Definitely move the Cories....they shouldn't stay in there permanently. 

I like the look of that tank. I haven't been able to scape my nano tanks to where I like them.  I wish I could find nice rocks too.


----------



## Bk828 (Mar 11, 2008)

Hey, not sure if you stated this somewhere in the thread.. but im curious where you got the cube


----------



## Raimeiken (May 20, 2004)

Bk828 said:


> Hey, not sure if you stated this somewhere in the thread.. but im curious where you got the cube


good question. because Im hunting for a good nano cube too


----------



## Bk828 (Mar 11, 2008)

Raimeiken said:


> good question. because Im hunting for a good nano cube too


Its either I find one cheap, go to a craft/flower store and buy a 6x6x6(1g) glass vase... or ofcourse just make one myself.. I just want to find one quick since i got a patch of hc laying around needing to be planted.


----------



## Raimeiken (May 20, 2004)

Bk828 said:


> Its either I find one cheap, go to a craft/flower store and buy a 6x6x6(1g) glass vase... or ofcourse just make one myself.. I just want to find one quick since i got a patch of hc laying around needing to be planted.

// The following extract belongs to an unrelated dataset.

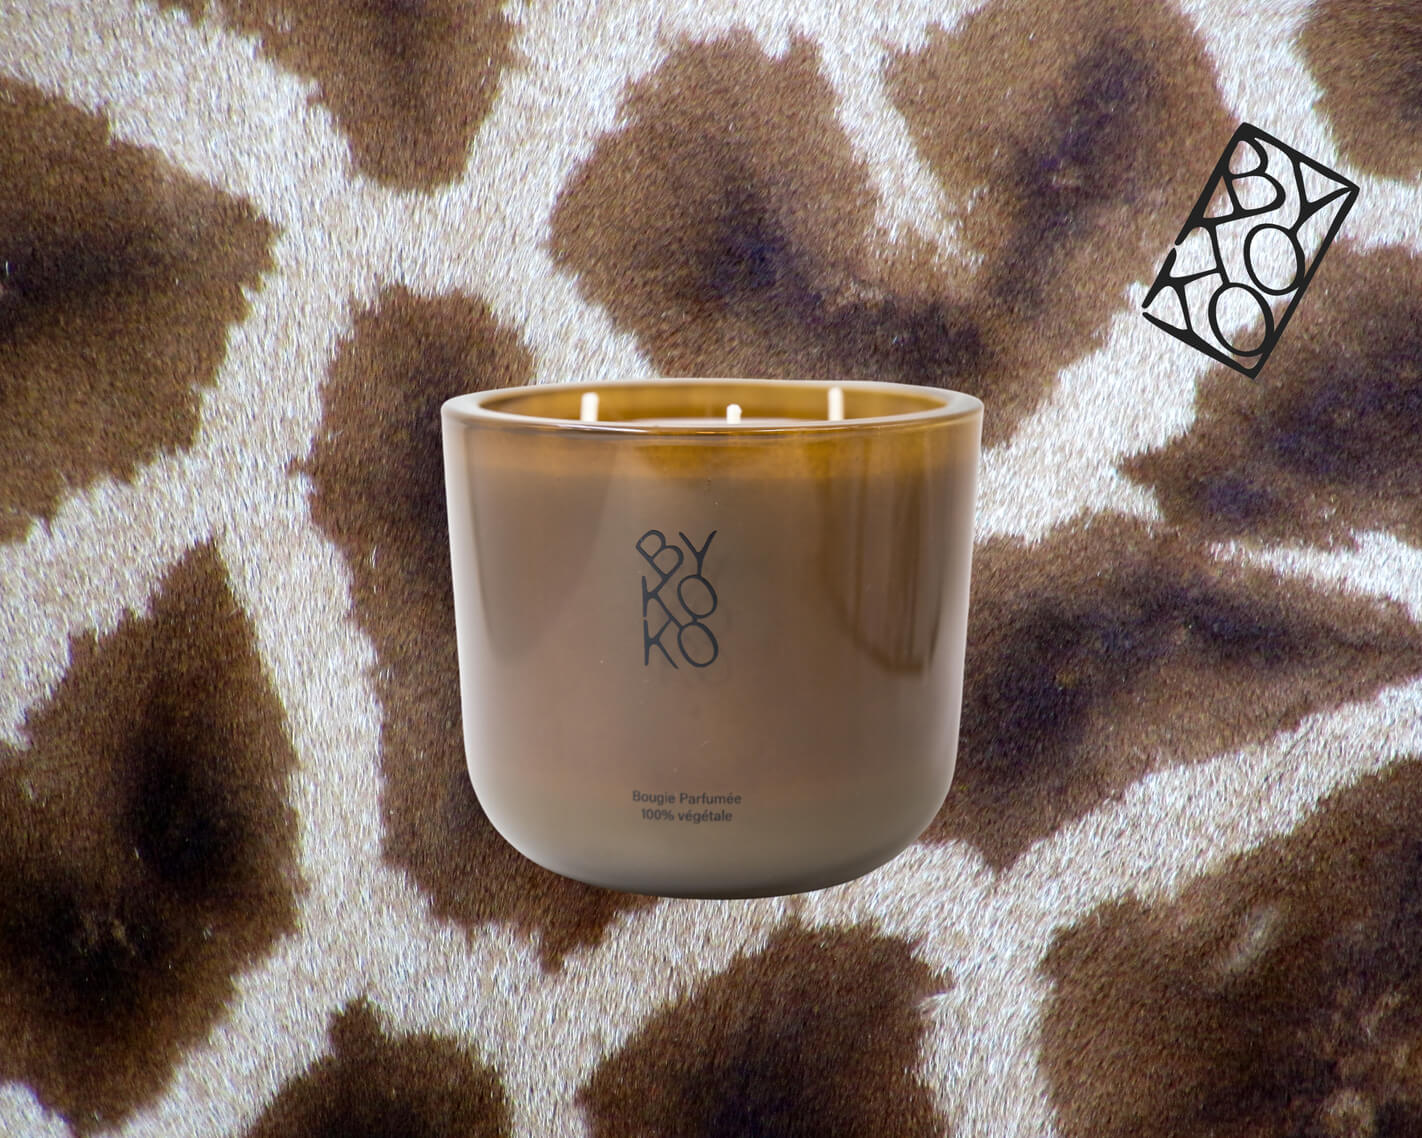 BYKOKO - HAVANA LOVERS candle in elegant taupe glass container, crafted in Geneva, exuding a captivating fragrance of amber, vanilla & zesty orange

yeah Im looking at those clear glass vases at the craftstore right now, but I cant find an 8x8x8". The biggest one i can find is a 7x7x7" vase.


----------



## Bk828 (Mar 11, 2008)

Raimeiken said:


> yeah Im looking at those clear glass vases at the craftstore right now, but I cant find an 8x8x8". The biggest one i can find is a 7x7x7" vase.


7x7x7 is 1.4g i believe which is close to his..


----------



## fhqwhgads (Jan 18, 2005)

i think this is 6X8X8 and i got it from petco awhile back, if you do a search on oceanfree tanks youll find it, they were going on clearance for 4 dollars so i picked up a couple


----------



## Bk828 (Mar 11, 2008)

i checked one of the petco near me and nothing.. checked website and nothing there.. Will try checking out another store near me.. Really want a cube like that


----------



## fhqwhgads (Jan 18, 2005)

no i meant they were on clearance a long time ago, and to do a search on this forum, they probably wouldnt have any more


----------